SeverityRisk FactorMitigant
MediumElevated Medicaid exposure (38.9%)Medicaid reimburses below cost in most states. Mitigant: denial reduction lever has highest impact on Medicaid claims
HighElevated distress probabilityModel estimates 57.5% probability of financial distress.
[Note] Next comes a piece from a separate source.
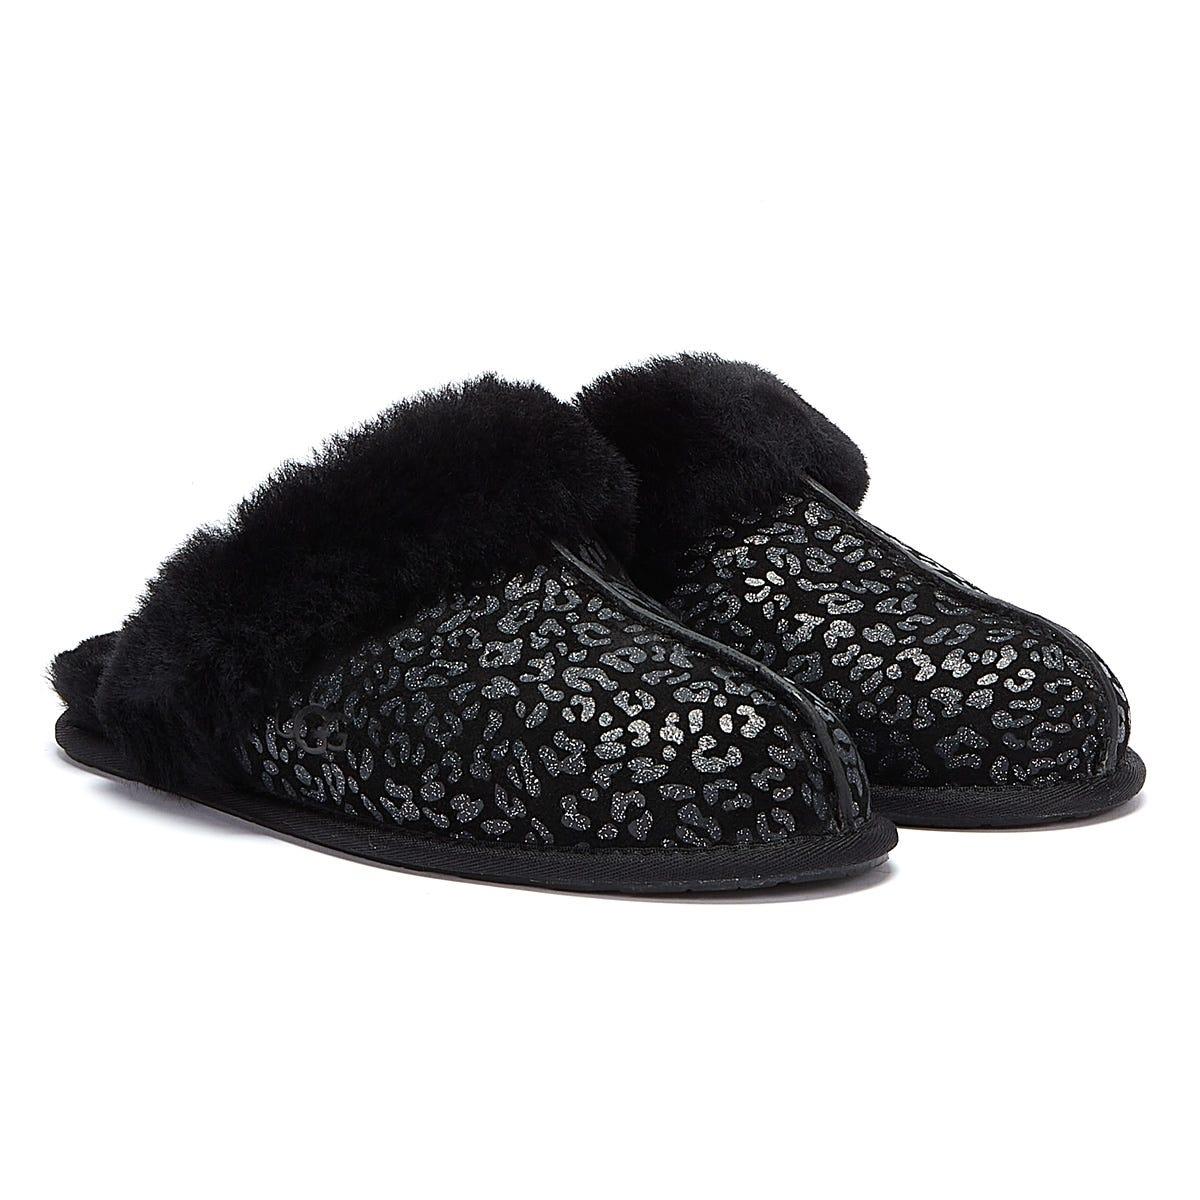 UGG Women's Scuffette Ii Snow Leopard Slippers - Black - UK 3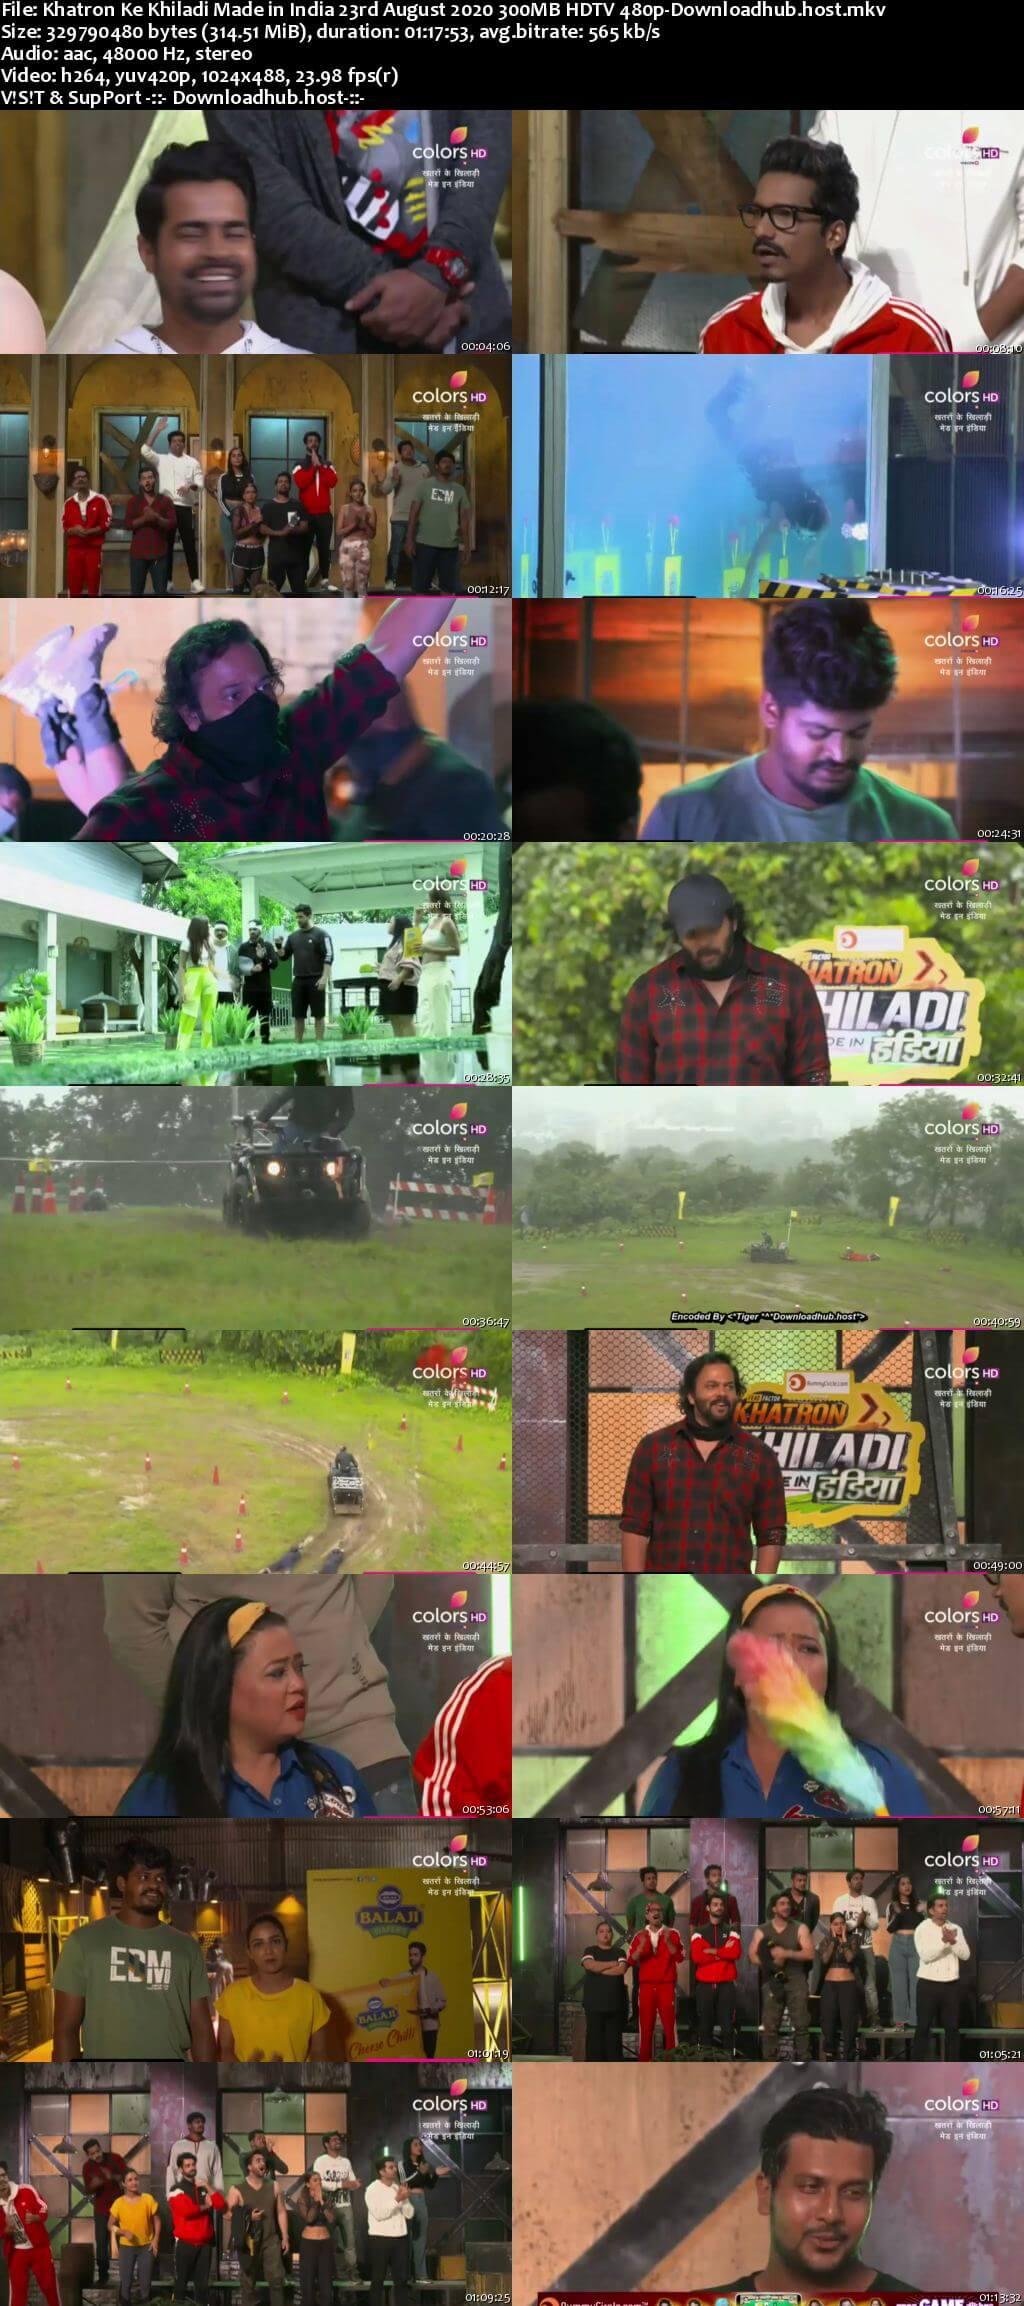 Khatron Ke Khiladi Made in India 23 August 2020 Episode 08 HDTV 480p

Mitigant: distressed entry pricing (7-9x) compensates for risk

8. Data Sources & Methodology Appendix

Data Sources

  • CMS HCRIS Cost Reports (Medicare-certified hospitals)
  • CMS Medicare Utilization (DRG-level volumes)
  • CMS Chronic Conditions (county-level disease prevalence)
  • HCRIS multi-year trend data (financial time series)

Comparable Selection

  • 29 hospitals with 8-32 beds
  • Same-state prioritization (n=31)
  • Comp margins: P25=-10.5% / P50=-3.8% / P75=6.9%

Bridge Methodology

  • Targets: P75 of comparable peers (60% gap closure)
  • Denial: avoidable share = 35% of delta × NPR
  • AR: bad debt coefficient = $0.65 per day per $1K NPR
  • NCR: 60% coefficient on collection rate improvement
  • CDI: 0.75% of Medicare revenue per 0.01 CMI point

Returns Assumptions

  • Leverage: 5.5x entry (84.6% debt / 15.4% equity)
  • Organic growth: 3% annual EBITDA growth
  • Debt paydown: 10% of principal per year
  • Hold period: 5 years

Generated by SeekingChartis on April 26, 2026. All predictions use public data only. Confidence intervals calibrated via split conformal prediction (90% coverage target). This memo is for informational purposes and does not constitute investment advice.